Burglary crimes on the rise at UH, while car thefts are down - Hawaii News Now - KGMB and KHNL

Burglary crimes on the rise at UH, while car thefts are down

A big jump in burglaries and assaults stand out in the latest crime report from University of Hawaii, Manoa. The head of security says better reporting and more cameras could put the campus on the right track to help lower these numbers.

UH plans to add security cameras on top of 90 emergency call boxes around the Manoa campus in coming years.  This year, they will start off with ten of the 78 emergency call boxes to have cameras installed that are already present on campus.

The new crime numbers in the latest report, suggest there will be plenty to catch.

Since 2009 there's been a steady increase in sex offenses, burglary, robbery, aggravated assault, as well as, drug and alcohol related violations.

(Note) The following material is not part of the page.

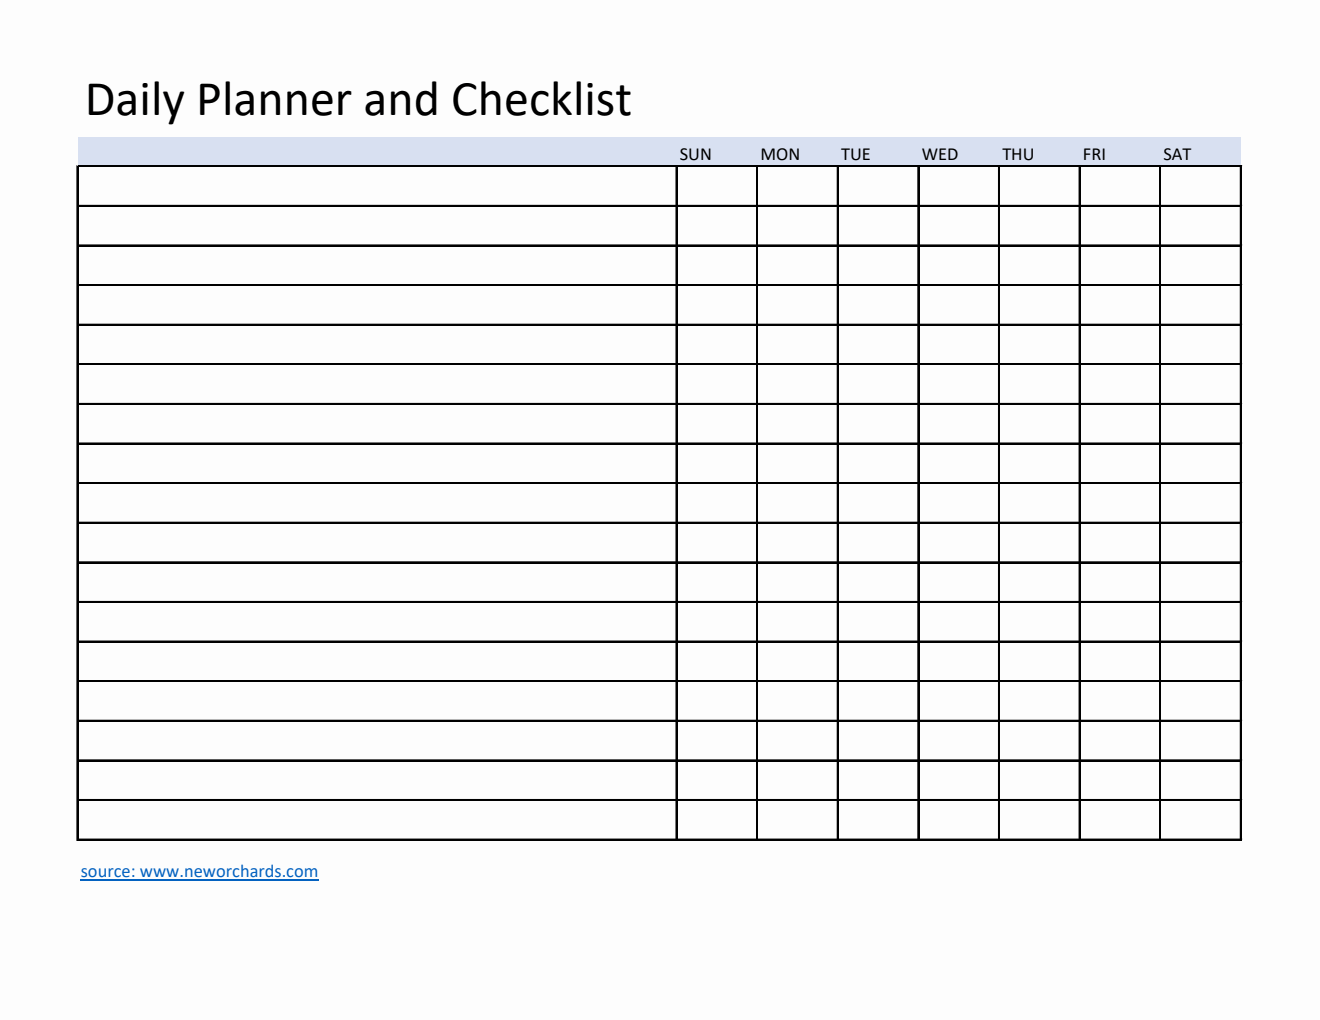 Daily Planner and Checklist Template in Excel (Customizable)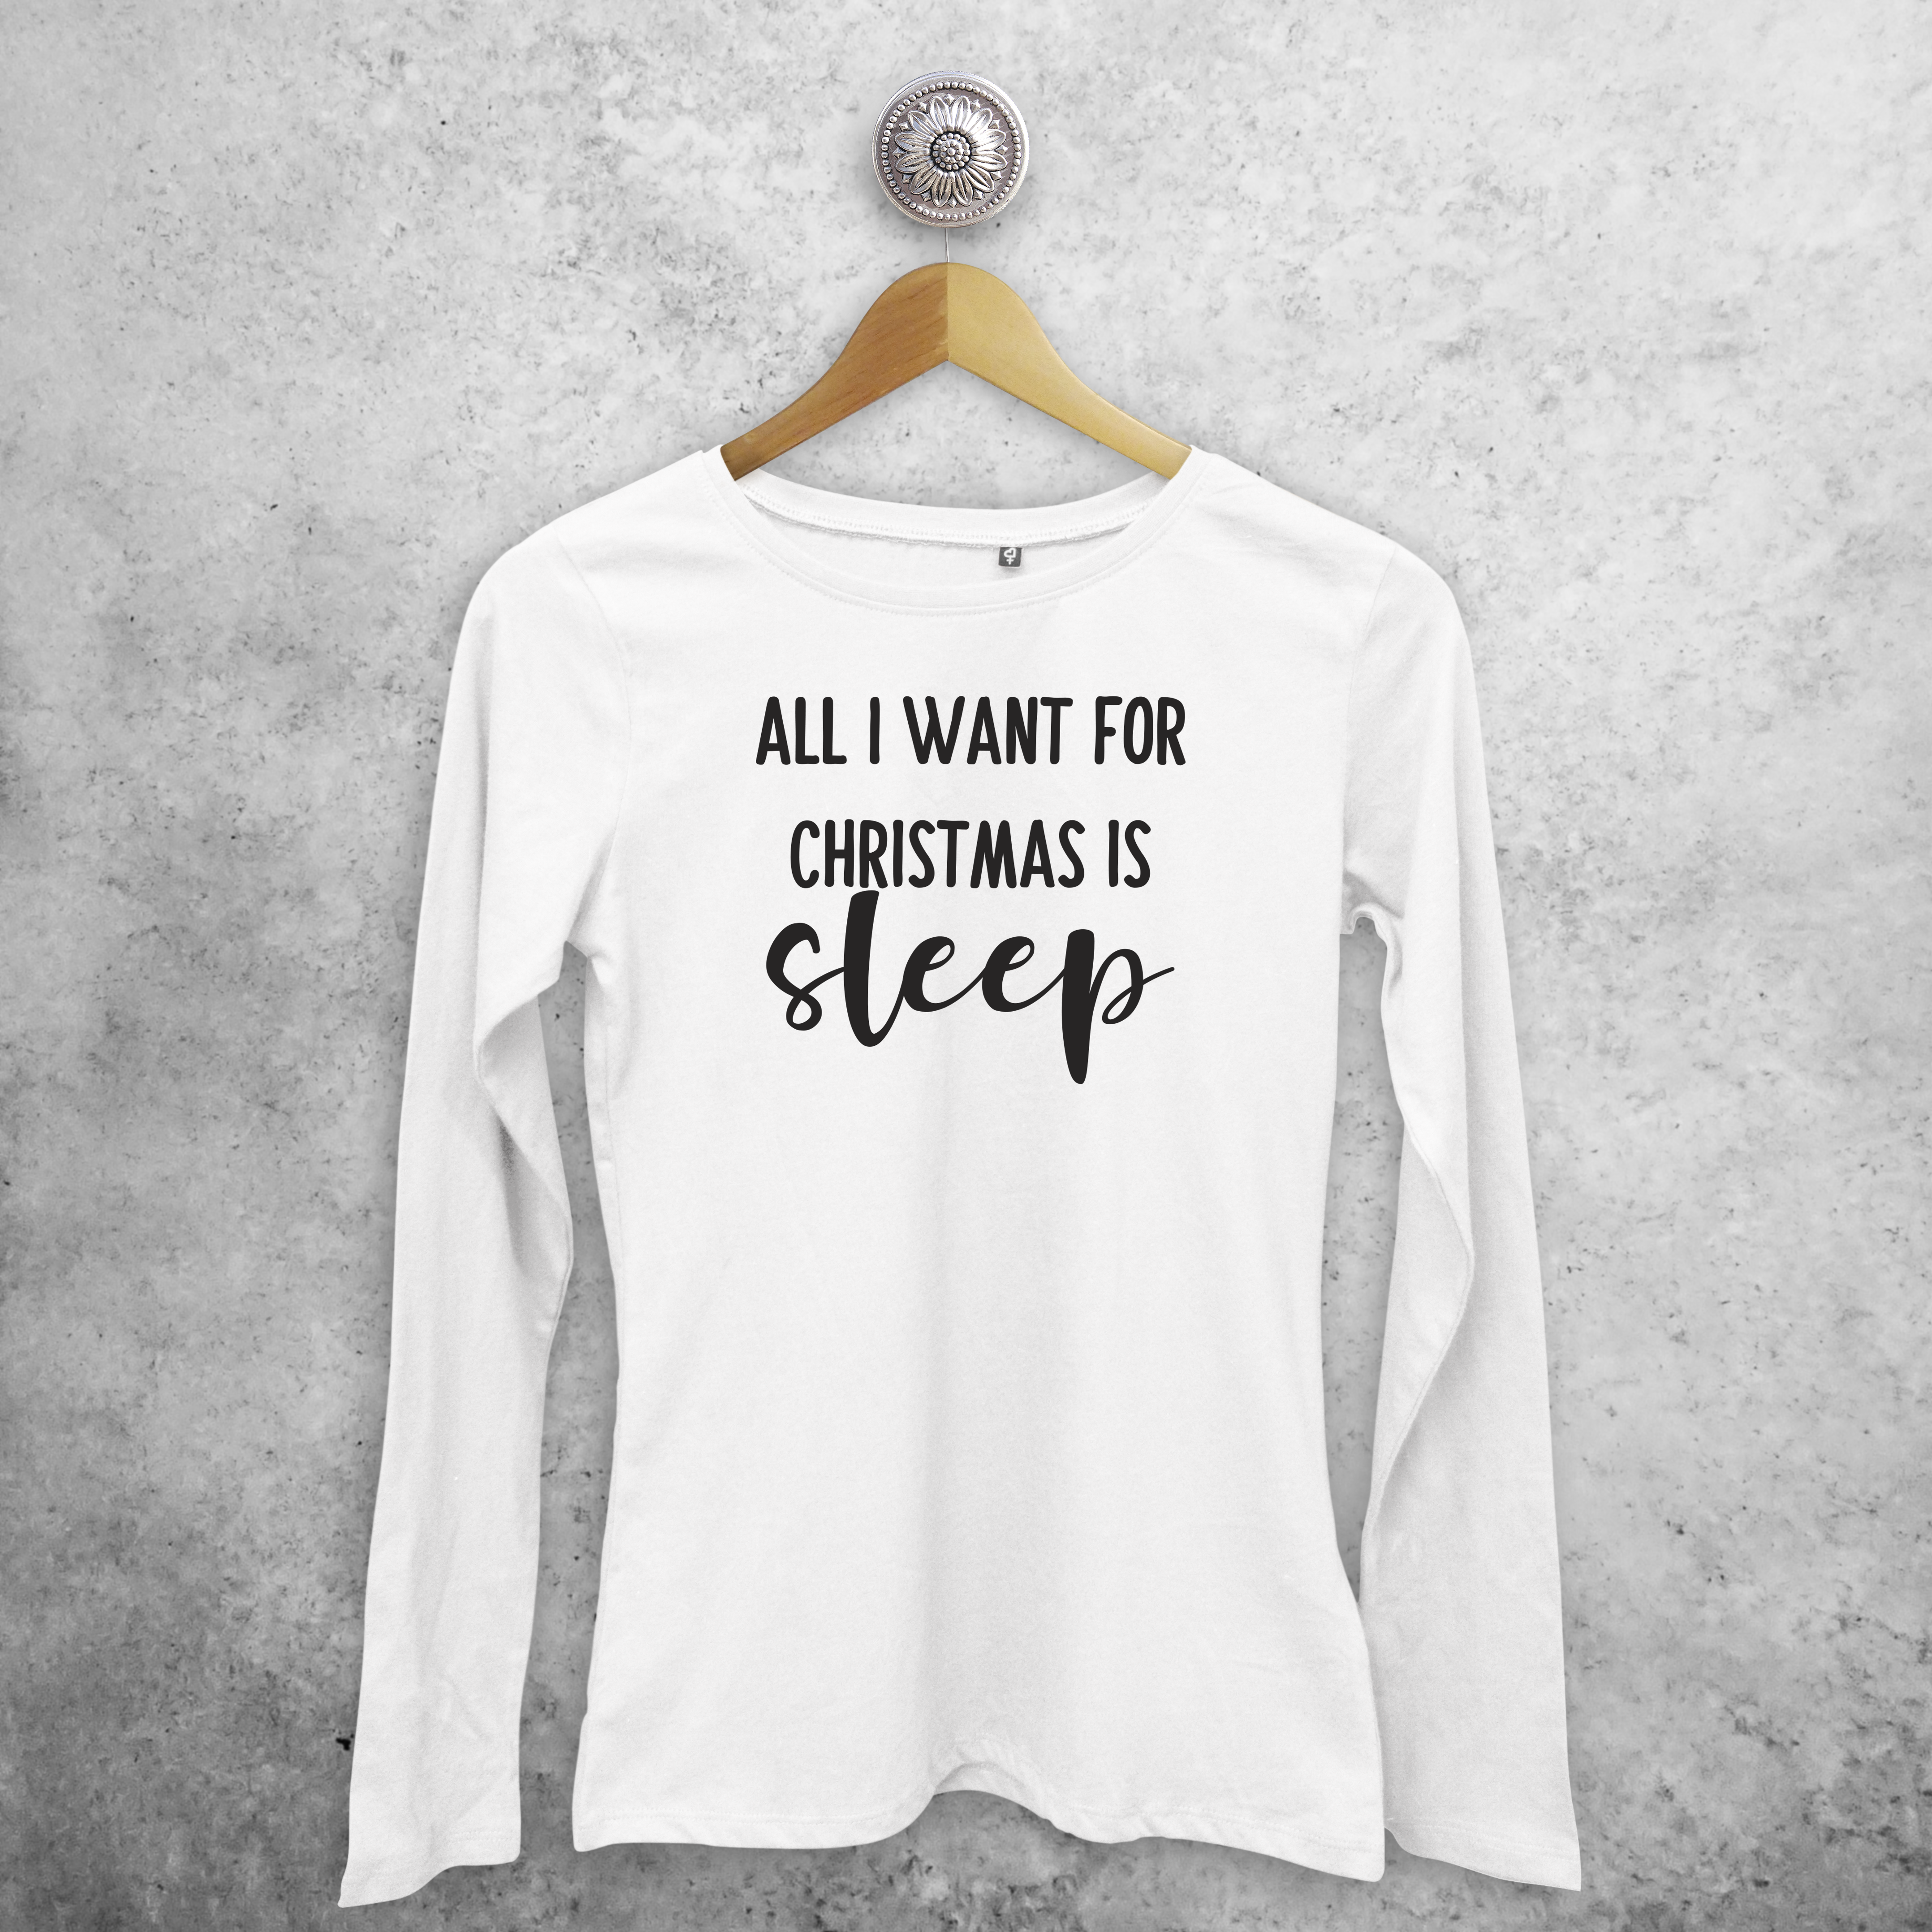 Adult shirt with long sleeves, with ‘All I want for Christmas is sleep’ print by KMLeon.

The school says in 2011 there were 12 forcible sex offenses on campus in student housing while there was only one reported in 2009.  There was also 16 aggravated assaults, which is up from 4 in 2009.  There was a drastic jump in burglaries with 64 compared to 48 the year before.

"My bike actually got stolen, two weeks after I bought it," said Xenia Suworowa, UH sophomore.

"I've gotten about three things stolen, my Ipod, my skateboard, and my calculator," said Blakelyn Birks, UH junior. 

"I reported it, but even the police said there was a low chance of getting it back," said Suworowa.

There's also been a staggering rise in drug and liquor violations, but that's tied to a change in the way the school records those incidents. Instead of counting a drinking party as one violation, the university now counts every person caught at the party.

"It could be a party of 30 people and then in that case that number would be 30 instead of just one," said Wayne Ogino, UH Chief Campus Security.

Ogino says not all crimes have gone up. In fact, arson, vehicle thefts, and weapon possessions have all dropped.

UH security is using this report to direct them where to patrol.

"It identifies area of concern, so if we notice a lot of activity or an increase in activity, we put more security patrols on it," Ogino said.

Students say despite the crime trends, the sense of community at this open campus gives them peace of mind.

"I feel very safe here. Hawaii is just like a little community, it is family to me; so I don't feel as worried walking around,"  said Alayna Mcbride, UH senior.

"Security really is everyone's business," Ogino said. "We need people to be alert and report things right away."

And for some students, they think putting a lock on valuables will help prevent some of these thefts or access to items.

"I keep myself secure, by putting my locks on my laptop and phone," said Birks.

Ogino says that knowing UH Manoa is an open campus, students need to be aware that crime is just part of life at the university and all universities and that is why it is important to take action and report them accordingly.